36 364 Wijziging van Boek 1 van het Burgerlijk Wetboek om de drempel te verlagen voor grootouders om tot omgang te kunnen verzoeken (Wet drempelverlaging omgang grootouders)

Nr. 2 VOORSTEL VAN WET

Wij Willem-Alexander, bij de gratie Gods, Koning der Nederlanden, Prins van Oranje-Nassau, enz. enz. enz.

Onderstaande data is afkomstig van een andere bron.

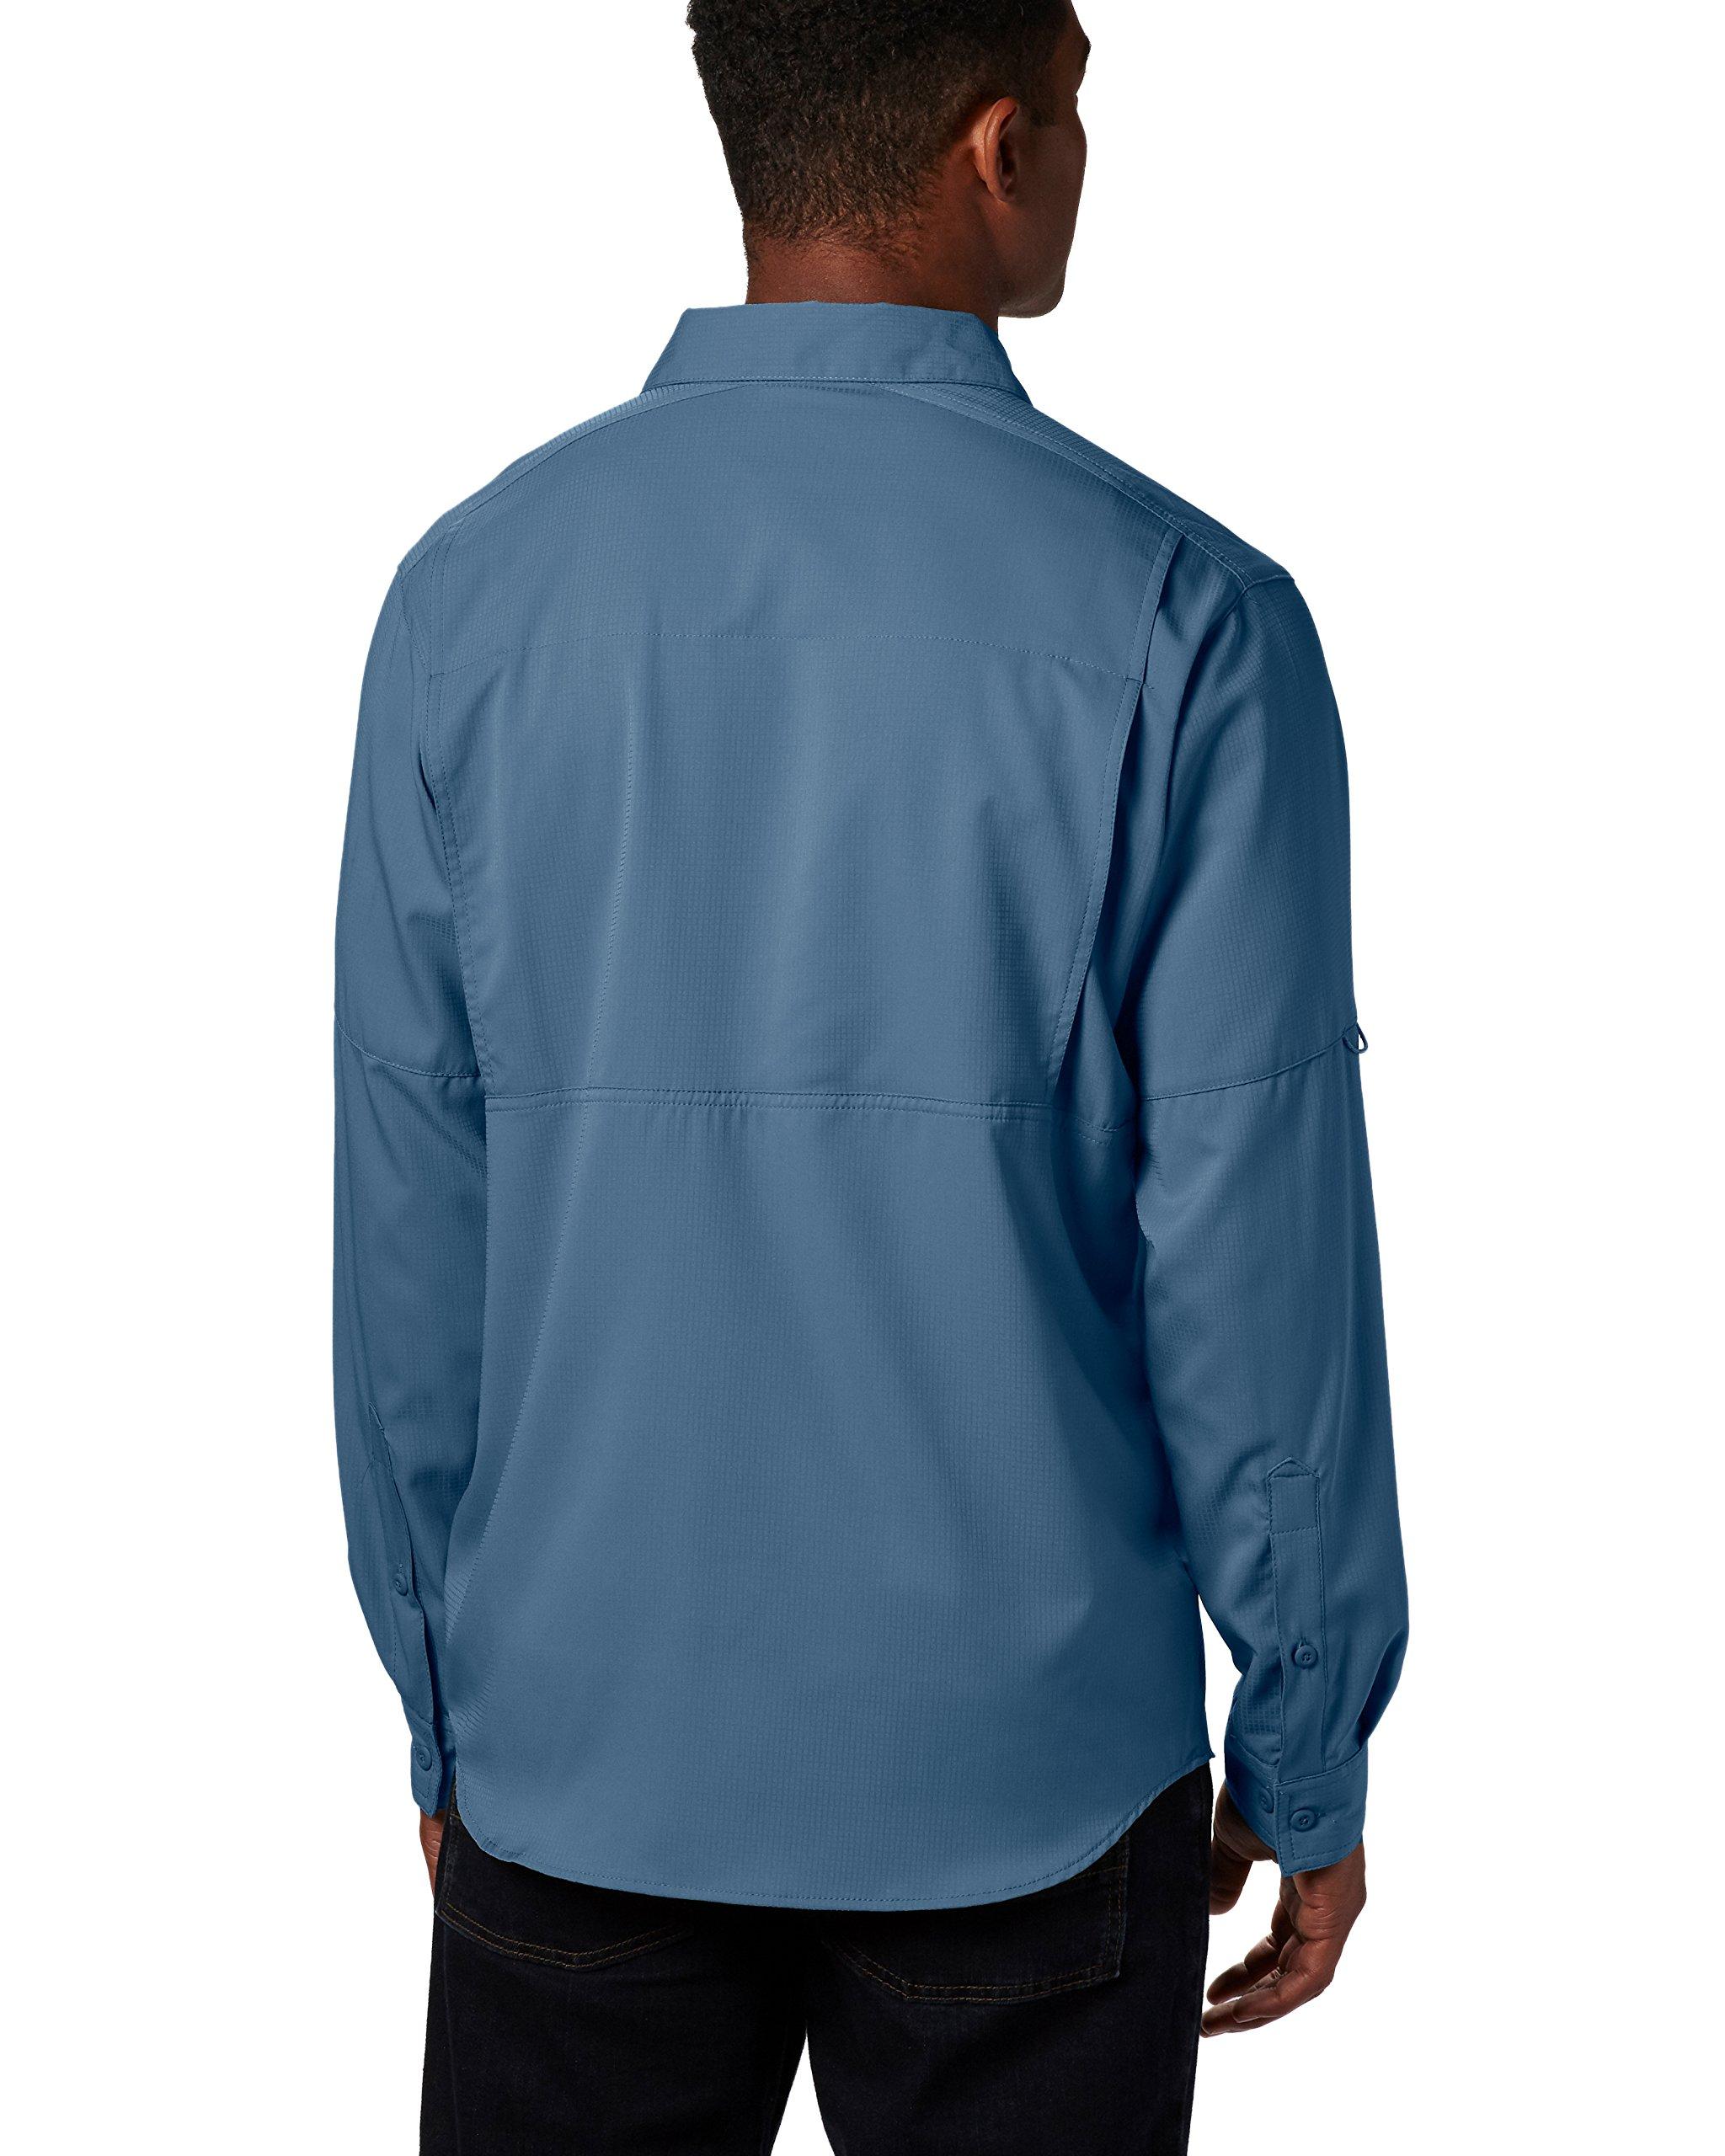 87d99fe3c28 Columbia Men's Silver Ridge Lite Long Sleeve Shirt - Choose SZ/color ...

Allen, die deze zullen zien of horen lezen, saluut! doen te weten:

Alzo Wij in overweging genomen hebben, dat het wenselijk is om de drempel te verlagen voor grootouders om tot omgang met hun kleinkinderen te kunnen verzoeken en daartoe artikel 377a, eerste lid, van Boek 1 van het Burgerlijk Wetboek te wijzigen;

Zo is het, dat Wij, de Afdeling advisering van de Raad van State gehoord, en met gemeen overleg der Staten-Generaal, hebben goedgevonden en verstaan, gelijk Wij goedvinden en verstaan bij deze:

ARTIKEL I

In Boek 1 van het Burgerlijk Wetboek wordt aan artikel 377a, eerste lid, toegevoegd «Een grootouder die in familierechtelijke betrekking tot het kind staat, wordt vermoed in een nauwe persoonlijke betrekking tot het kind te staan.».

ARTIKEL II

Deze wet treedt in werking op een bij koninklijk besluit te bepalen tijdstip.

ARTIKEL III

Deze wet wordt aangehaald als: Wet drempelverlaging omgang grootouders.

Lasten en bevelen dat deze in het Staatsblad zal worden geplaatst en dat alle ministeries, autoriteiten, colleges en ambtenaren wie zulks aangaat, aan de nauwkeurige uitvoering de hand zullen houden.